_DATA SEGMENT:_

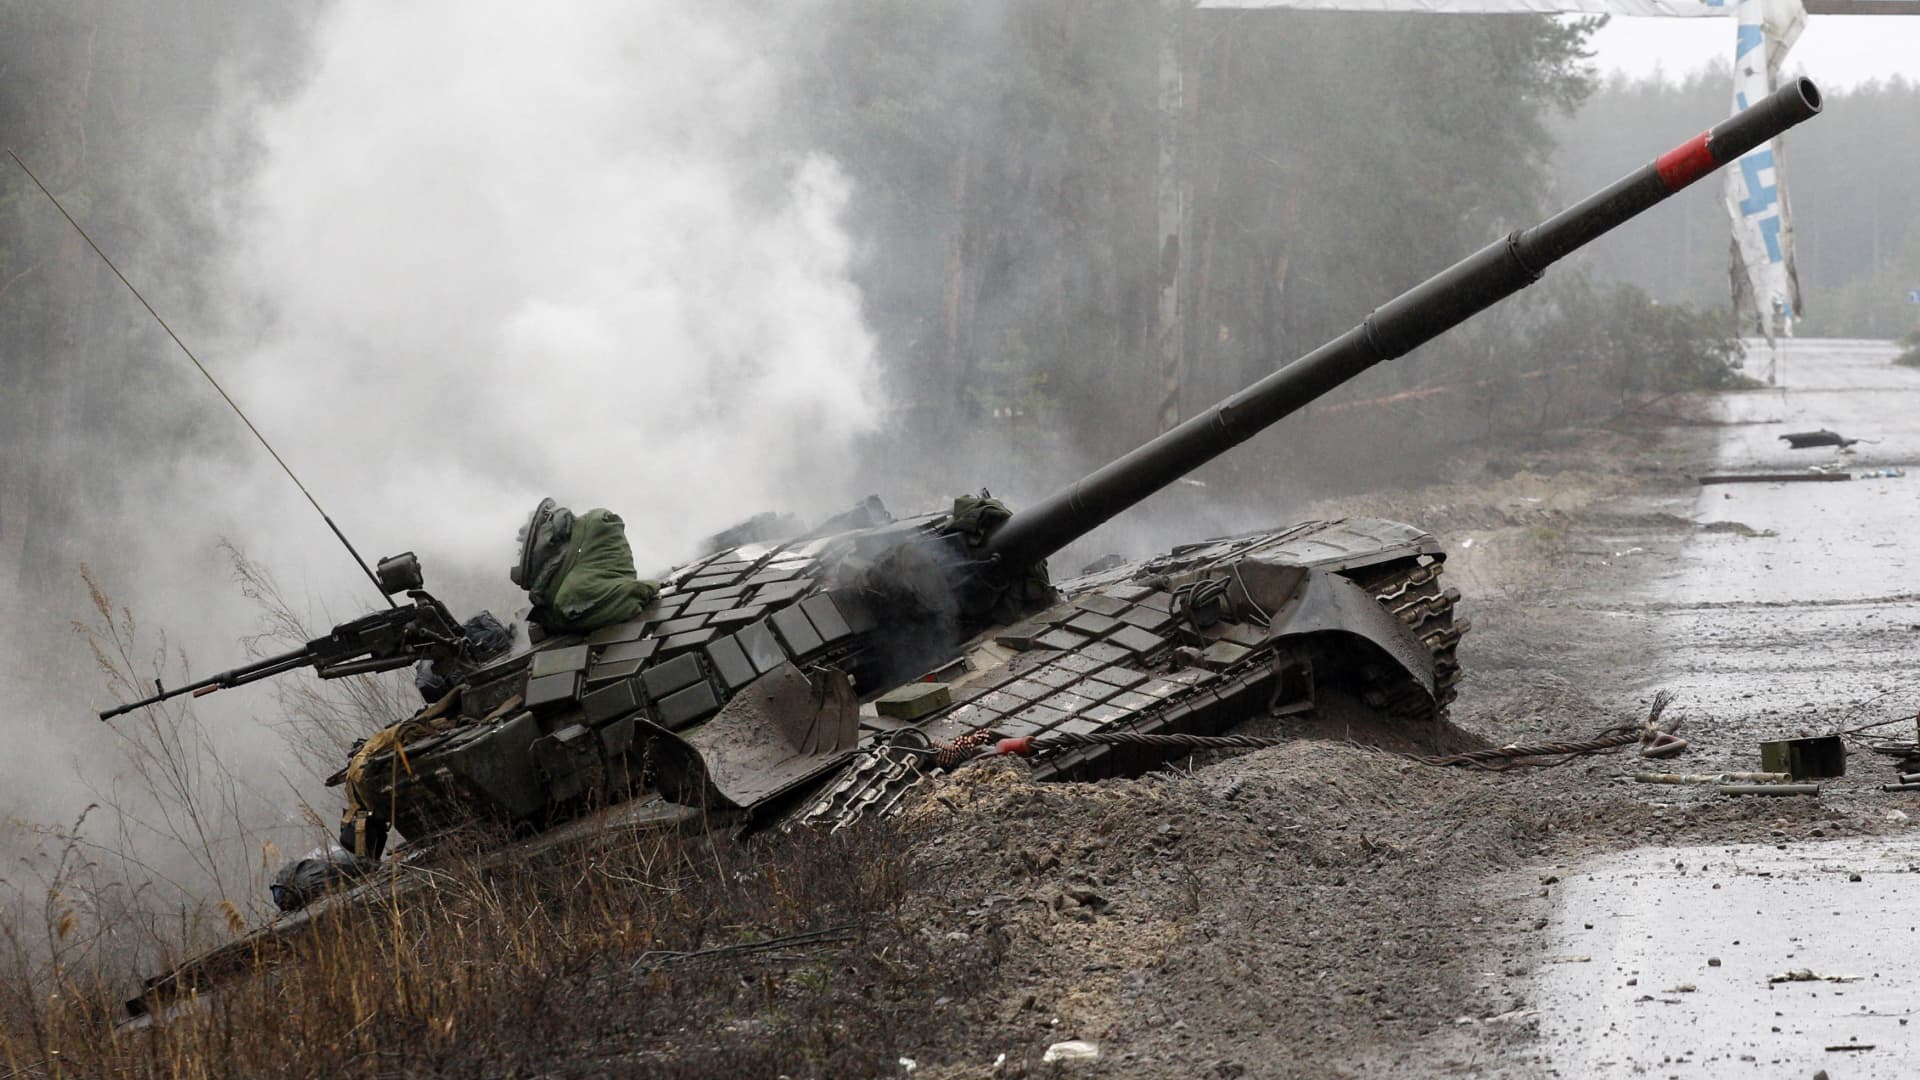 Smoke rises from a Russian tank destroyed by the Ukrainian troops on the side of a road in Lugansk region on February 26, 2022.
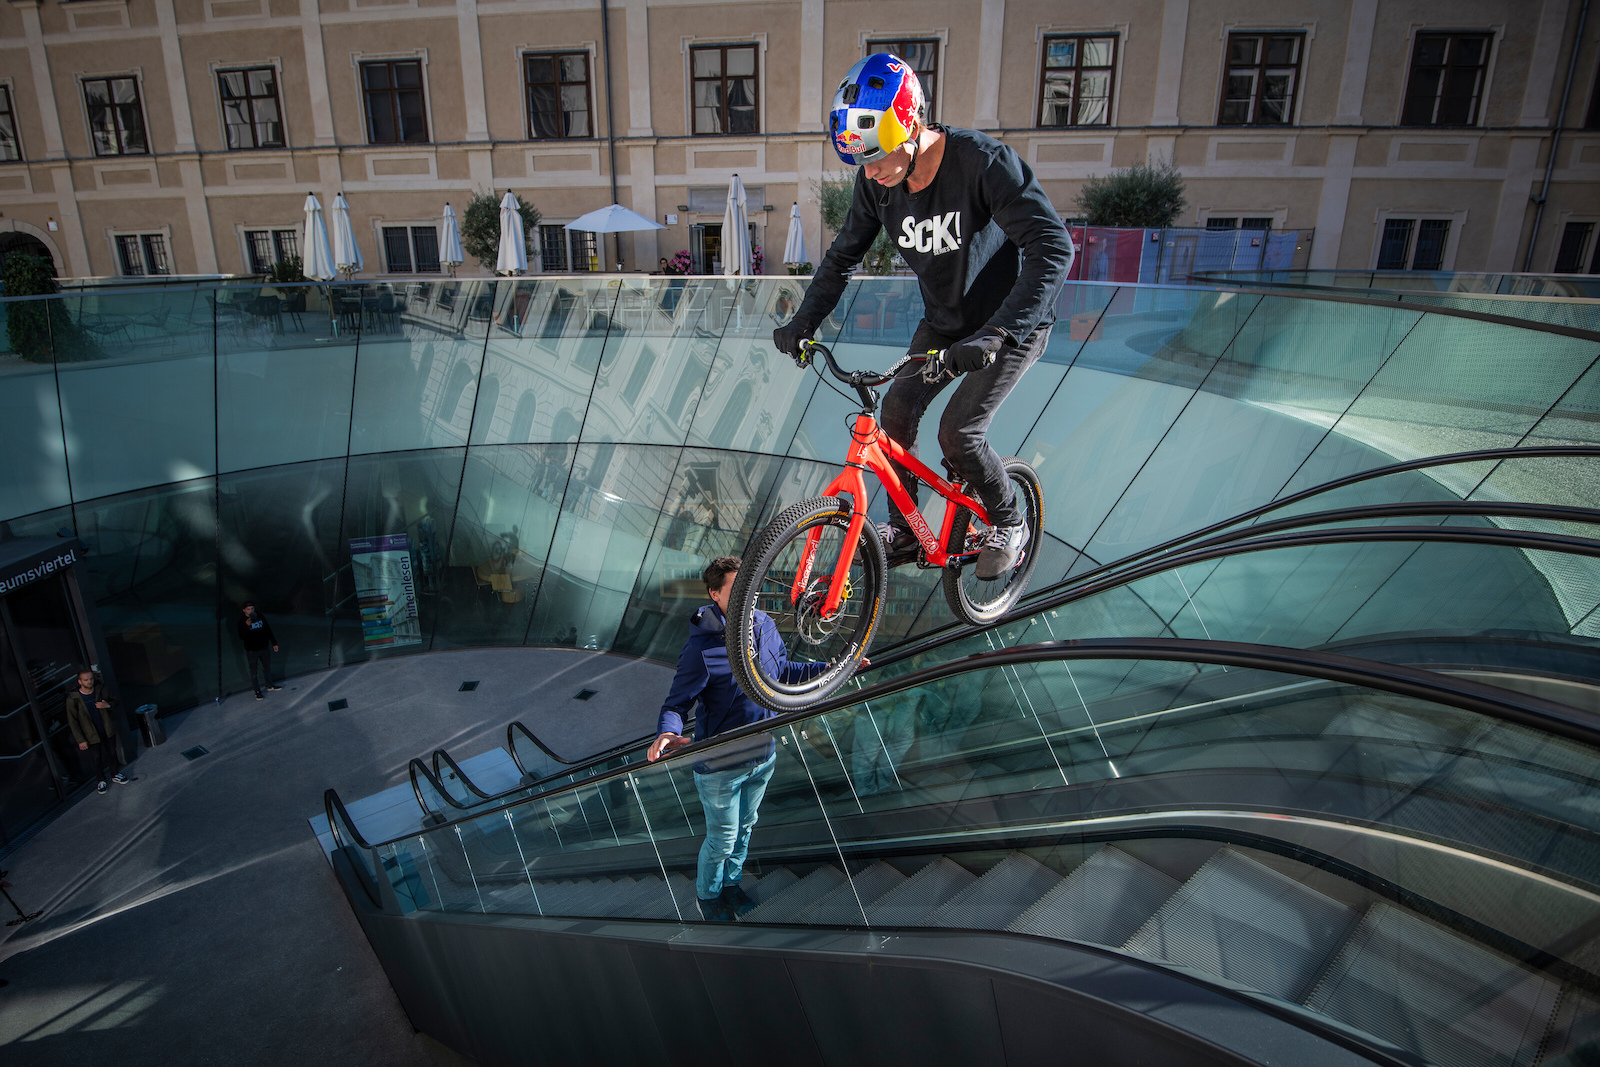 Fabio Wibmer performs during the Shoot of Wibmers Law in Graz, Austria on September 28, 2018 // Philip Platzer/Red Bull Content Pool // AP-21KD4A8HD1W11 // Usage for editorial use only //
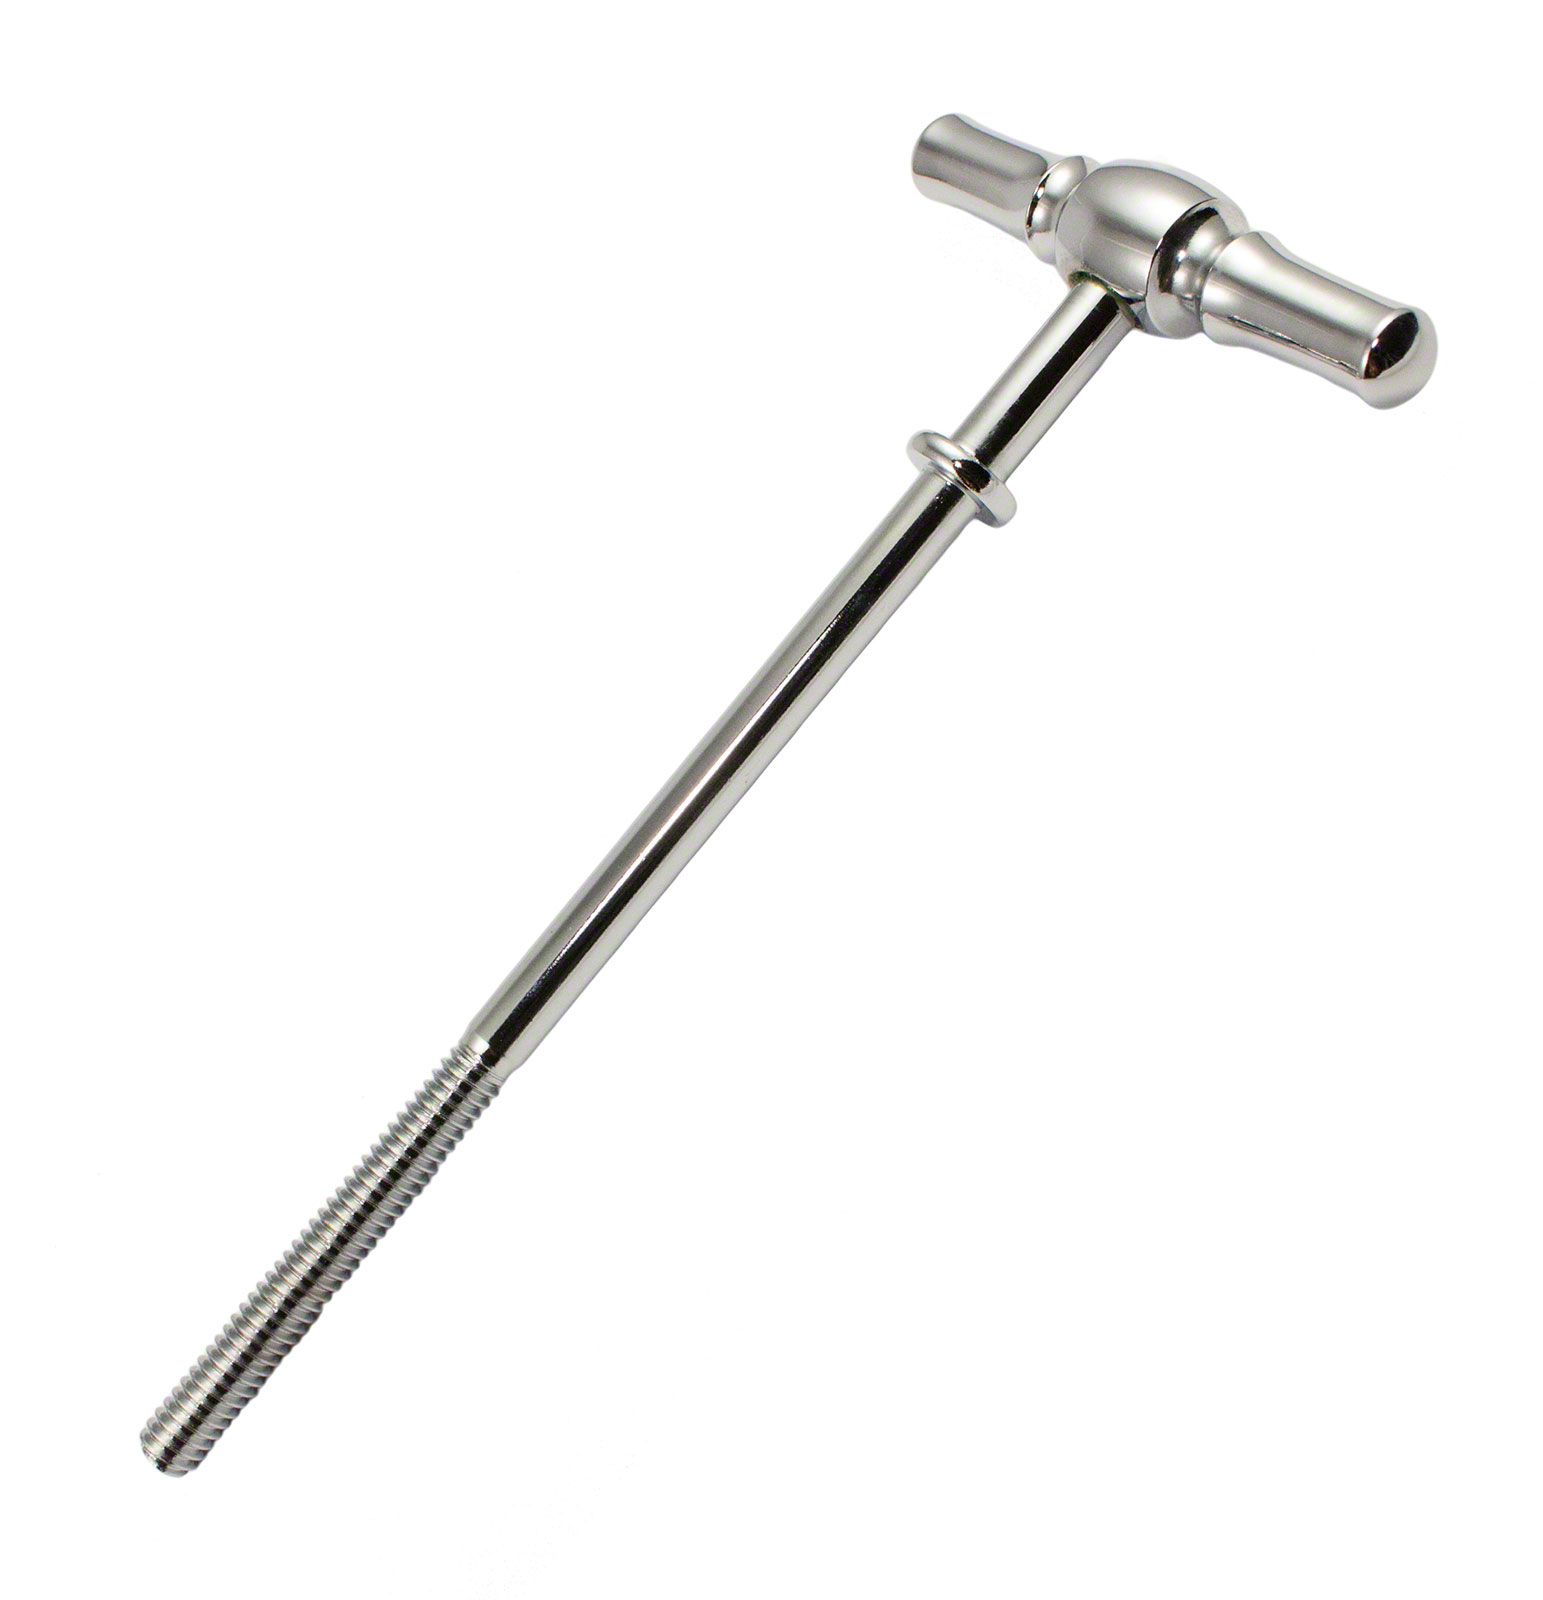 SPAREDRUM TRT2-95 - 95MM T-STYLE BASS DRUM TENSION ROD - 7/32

_DIRECTIONS:_ The reply should repeat the data in full, exactly as given, and contain no pictures.

_WRITTEN ANSWER:_
 Smoke rises from a Russian tank destroyed by the Ukrainian troops on the side of a road in Lugansk region on February 26, 2022.
 Fabio Wibmer performs during the Shoot of Wibmers Law in Graz, Austria on September 28, 2018 // Philip Platzer/Red Bull Content Pool // AP-21KD4A8HD1W11 // Usage for editorial use only //
 SPAREDRUM TRT2-95 - 95MM T-STYLE BASS DRUM TENSION ROD - 7/32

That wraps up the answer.